«Да как же так, – говорил Антон Антонович, – ведь это я, Антон Антонович. Только я себе бороду сбрил».
«Ну да, – говорили знакомые. – У Антона Антоновича была борода, а у вас ее нету».
«Да что же это, в самом деле, – говорил, разозлясь, Антон Антонович, – кто же я тогда, по-вашему?»
«Не знаем, – говорили знакомые, – только вы не Антон Антонович».
Хармс никогда не был иллюстратором своего времени. Никогда напрямую не говорил о нем. Повторяю, он писал свои вещи из быта, который был пропитан страхом. И этот страх определял художественную логику. Как и многие из его круга, Хармс не мог не понимать, что происходит. Но реальные масштабы катастрофы – те, которые мы видим только сейчас, с расстояния времени, – не мог представить даже после 37-го года, когда был арестован его близкий друг, поэт Николай Олейников. Только страх – разлитый в воздухе – что-то подсказывал ему. «Сейчас такая жизнь, – говорил он жене, – что если у нас будет общая фамилия, мы потом никому не сумеем доказать, что ты это не я. А так у тебя всегда будет оправдание: “Я знала и не хотела брать его фамилию…» Поэтому для твоей безопасности, для тебя будет спокойнее, если ты останешься Малич…”
Так, собственно, и вышло.
Повседневный внутренний страх невыносим, он всегда ищет выход. Таким выходом, выхлопом становится агрессия. Такая же немотивированная, как и сам страх. Этой агрессией буквально кишит проза Хармса. Откройте наугад любую страницу – и вы провалитесь в настоящее побоище, в «Страшный суд» Босха: «Елена била Татьяну забором. Татьяна била Романа матрацем. Роман бил Никиту чемоданом. Никита бил Селифана подносом. Селифан бил Семена руками. Семен плевал Наталье в уши. Наталья кусала Ивана за палец…» и т. д.
Кстати, идеальная обложка для прозы Хармса (Босх).
Внешне абсурдная, агрессия в прозе Хармса имеет внутреннюю логику. Мы эту логику не понимаем, но чувствуем. Читая Хармса, мы точно знаем: это не нонсенс, не нелепица. Тут есть общий знаменатель, и этот знаменатель – страх. Невроз, вызванный этим страхом. Именно страх написал (не описал!) Хармс, хотел он того или нет. Он превратил страх в литературу, а литературу – в его документ. В диагноз. Преодолел и литературу, и страх, и свое время – тем единственным способом, который время ему оставило.
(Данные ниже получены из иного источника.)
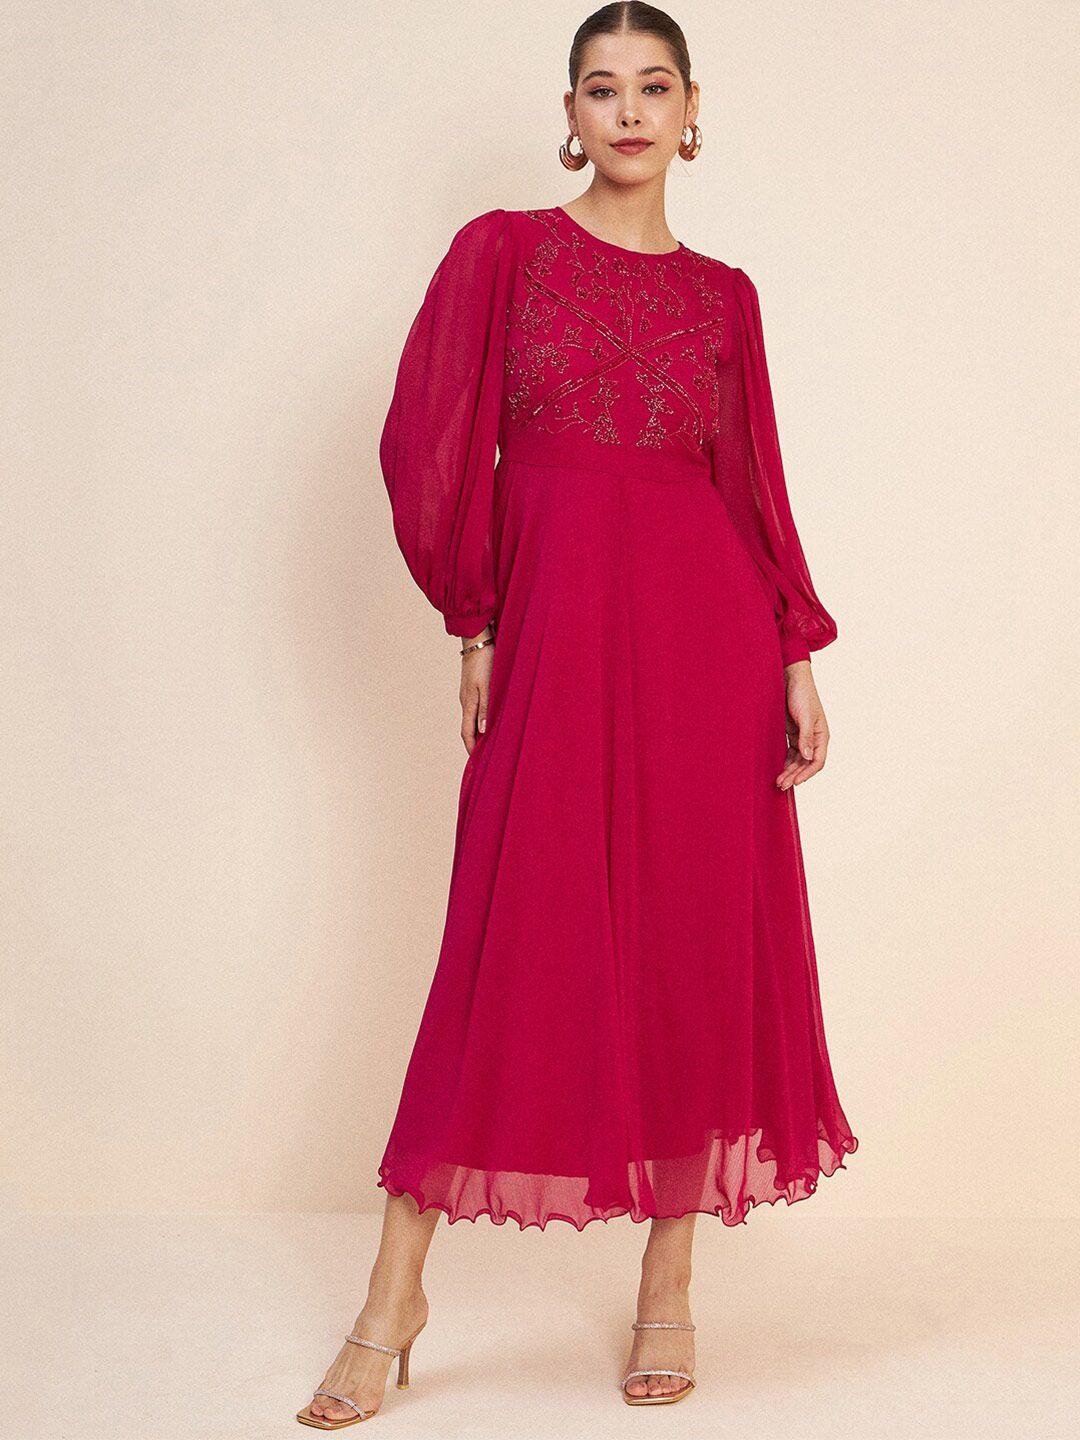 antheaa pink puff sleeve embellished detail fit & flare dress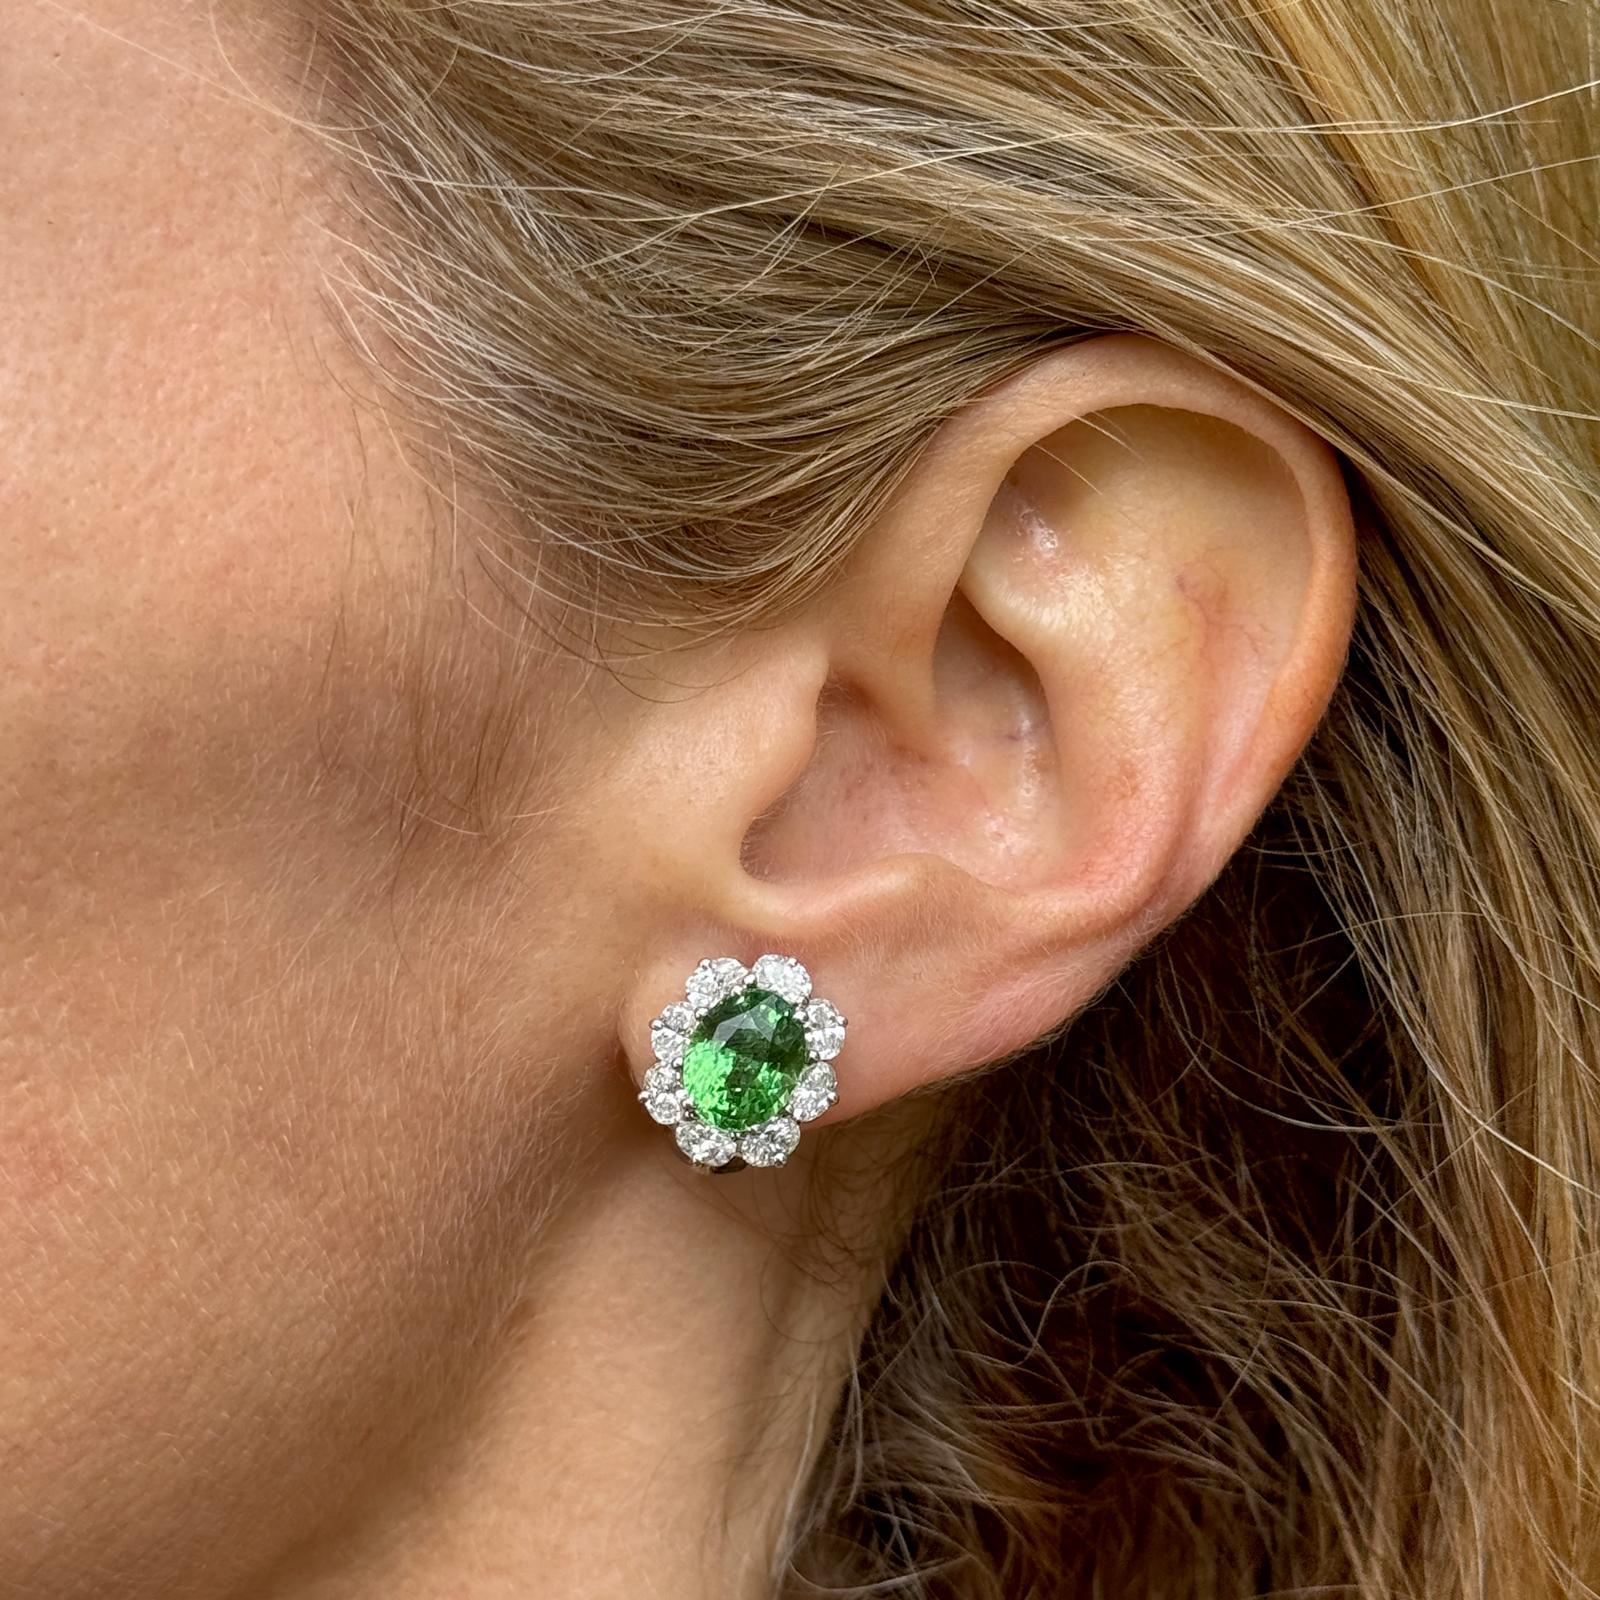 Stunning tsavorite and diamond earrings by American designer Oscar Heyman handcrafted in platinum. The earrings features 2 oval tsavorite gemstones weighing 6.15 carat total weight, and 16 oval cut diamonds weighing 2.18 CTW. The diamonds are graded

Освободился – за что время его и раздавило, и слопало.
Я пишу этот текст в поезде Берлин – Бонн. Расстояние между двумя столицами Германии почти как между Москвой и Питером.
Времени достаточно, чтобы спокойно во всем разобраться.
Для начала я бы хотел понять рифмы. Как удивительно все сошлось, как закольцевалось. Смотрите: двадцать пять лет назад я не мог и подумать, что буду писать о Хармсе в немецком поезде, потому что и Хармс был под запретом, и границы закрыты, и берлинская стена казалась вечной. Двадцать пять лет назад никто не мог и подумать, что Берлин снова будет единым городом и что «советская Германия» исчезнет с карты мира, как наваждение. Что наш человек будет свободно перемещаться по миру.
Однако все случилось так, как нельзя было и представить.
Хармс издан, Берлин свободен, я еду в немецком поезде.
Но Москва? – спрашиваю я себя. Ведь это был символ – перенос столицы из Петрограда, который замысливался как Санкт-Петербург, как европеец. И вот столицей снова стал азиатский, ордынский город. Москва, где все всегда держалось на страхе и на повиновении этому страху. Это был переезд в страх, в сущности.
Попробуем разобраться с помощью Хармса с тем, что происходит. Я хорошо помню его возвращение к читателю, я был этим читателем. Одним из тысяч, о ком Хармс не мог и помыслить. Есть точная дата возвращения Хармса – это 1988 год. Год выхода в ленинградском отделении «Советского писателя» его избранного «Полет в небеса». Синий томик в переплете – мы, первокурсники, зачитывались этой книгой, разговаривали цитатами буквально.